__Work to complete__. Write out exactly the lines below from the one containing "Seawolf Public House Oakland Menu - 1" to the last, both ends kept, and nothing more; skip all pictures.

__Information supplied__.
:::
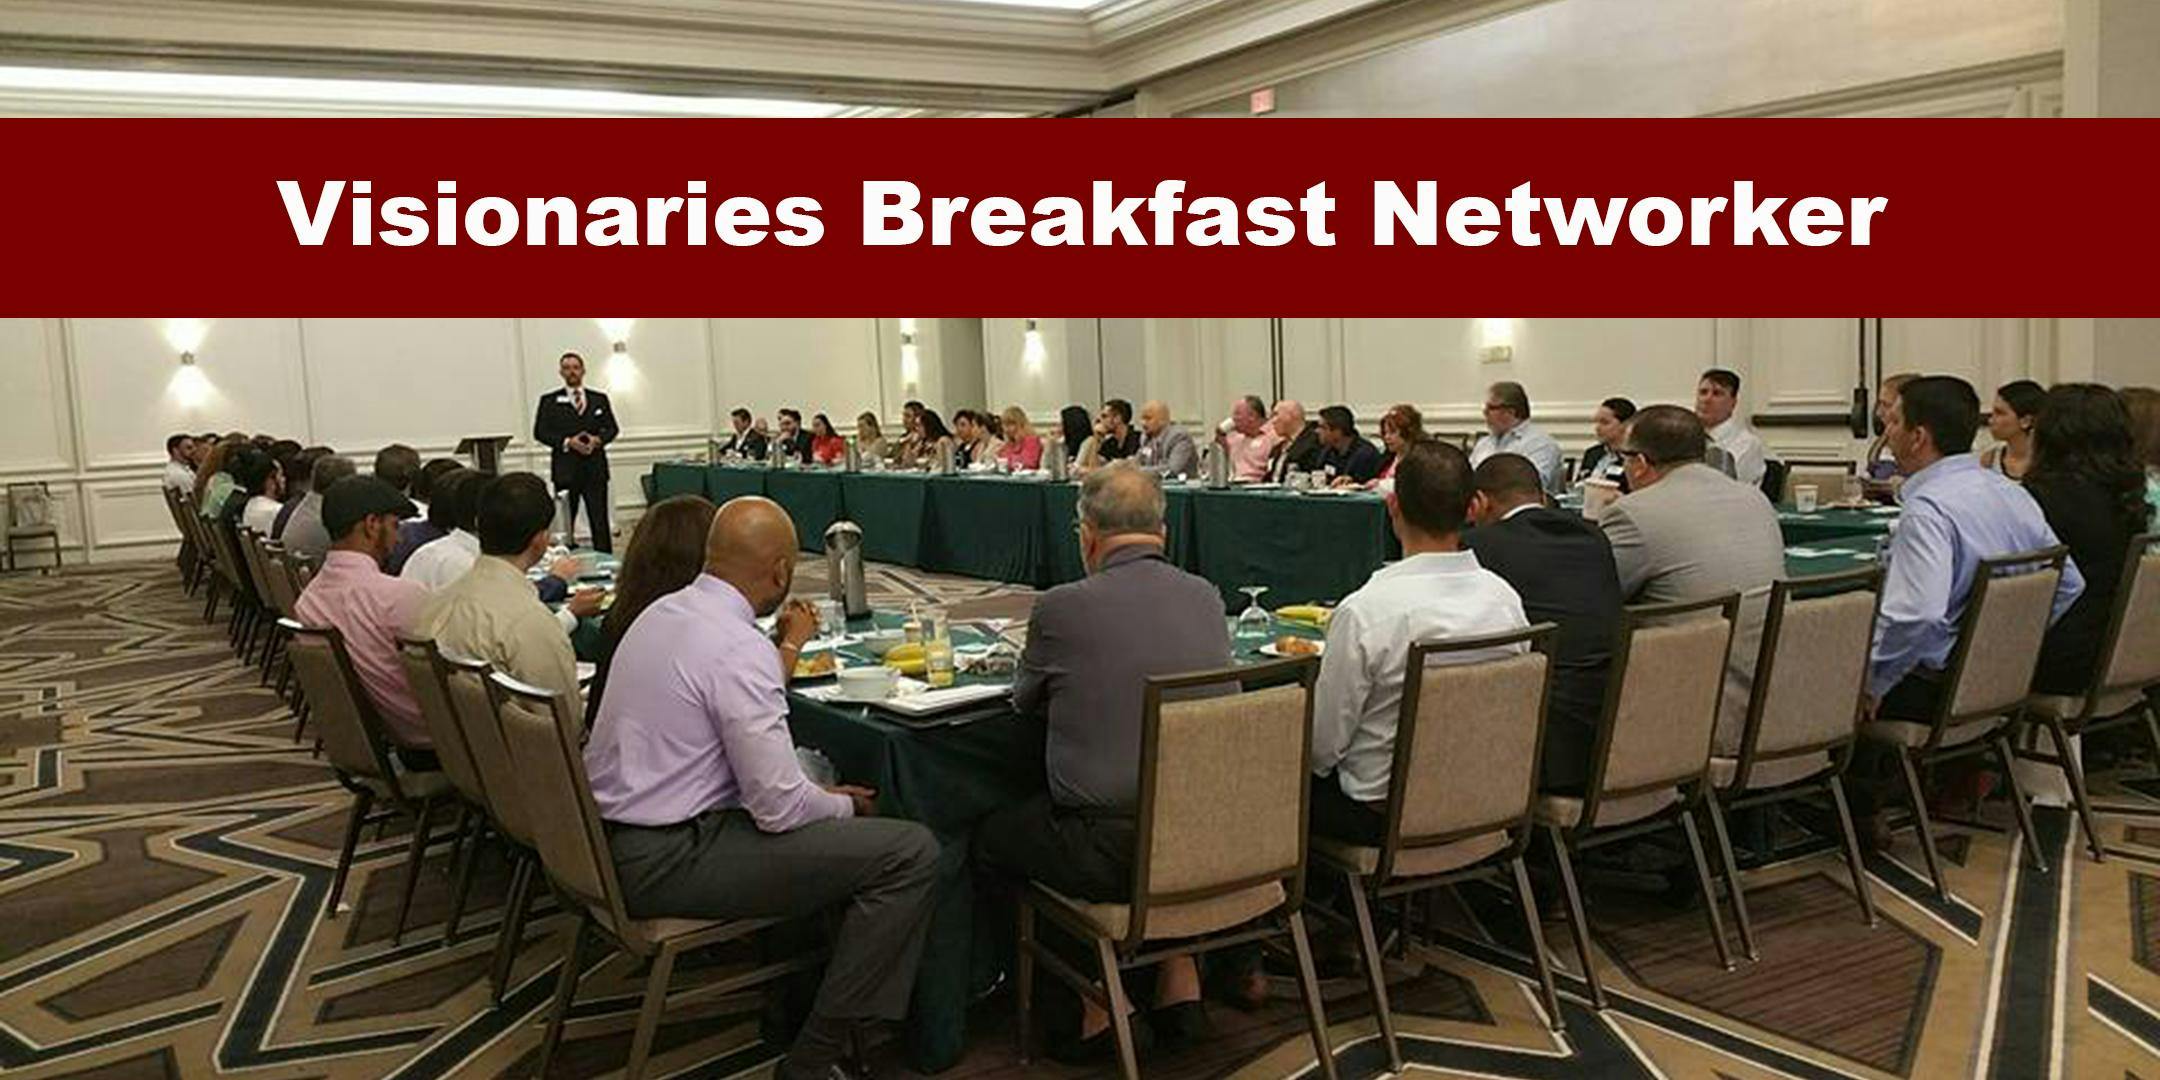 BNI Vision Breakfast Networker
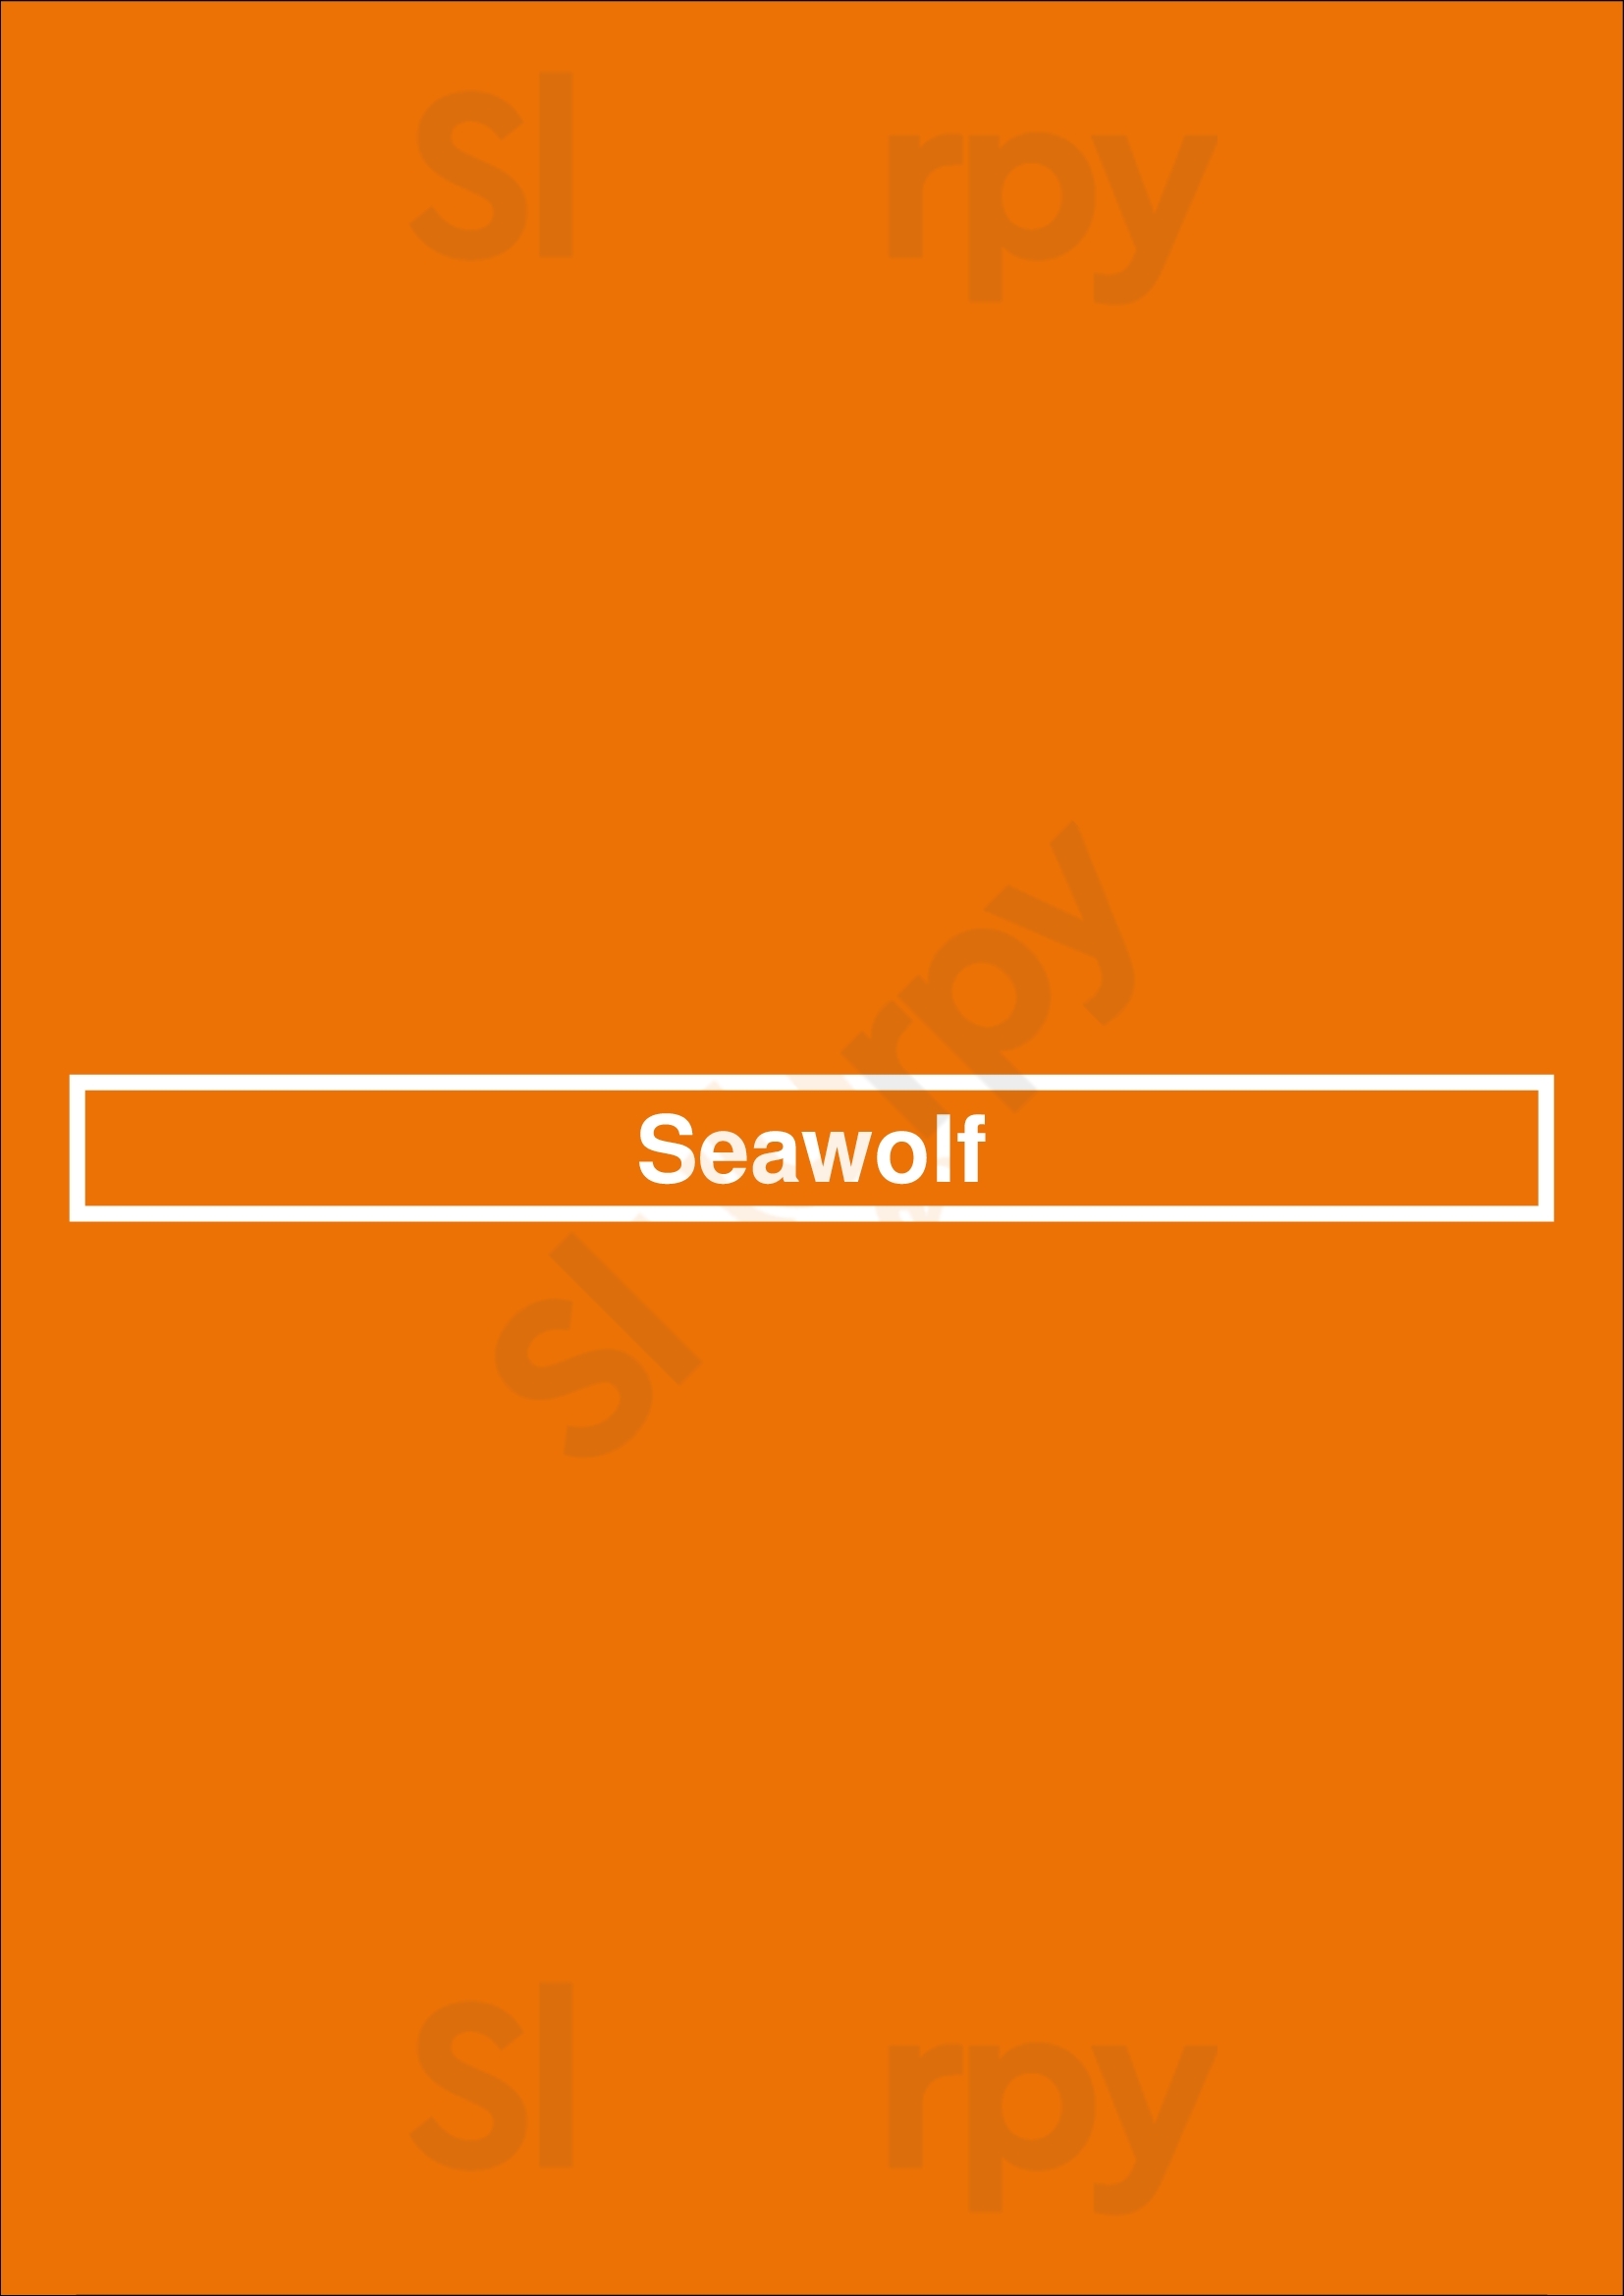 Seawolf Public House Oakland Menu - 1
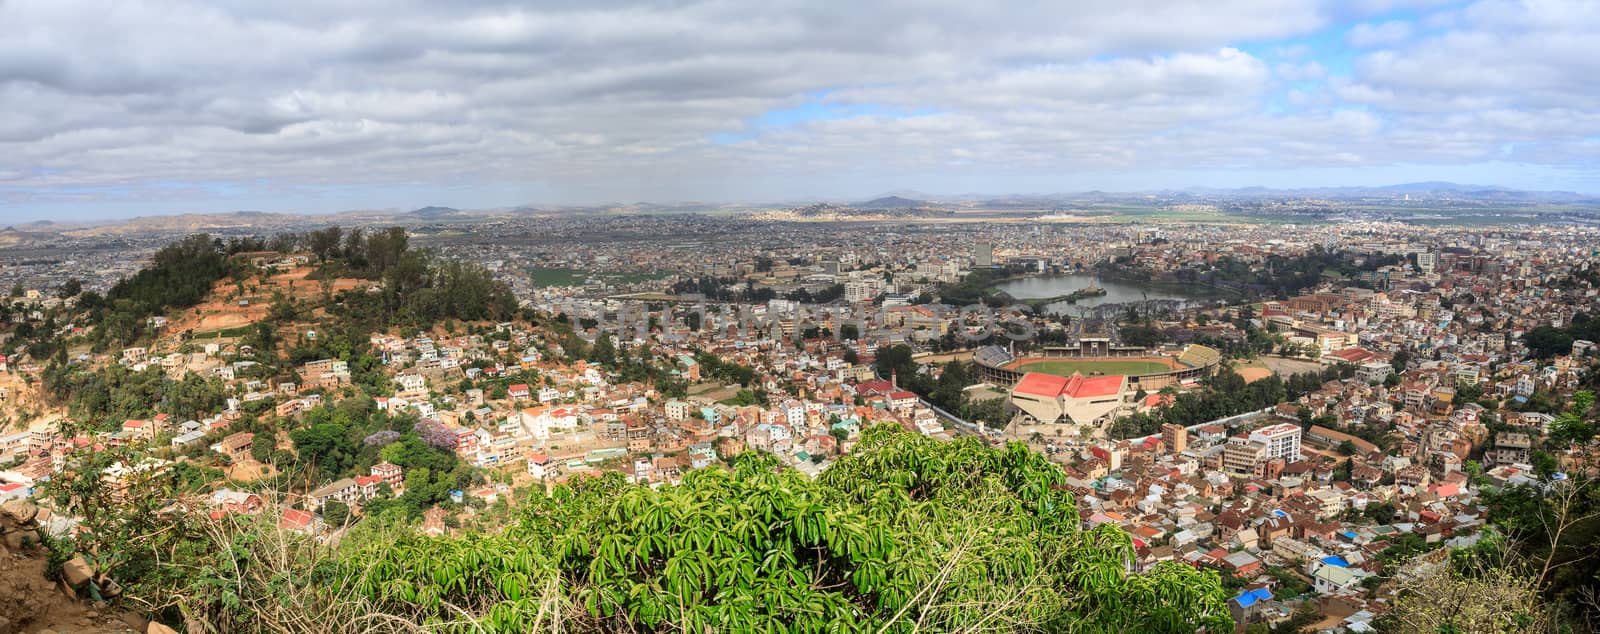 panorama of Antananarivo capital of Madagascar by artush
:::
__Exercise answer__.
 Seawolf Public House Oakland Menu - 1
 panorama of Antananarivo capital of Madagascar by artush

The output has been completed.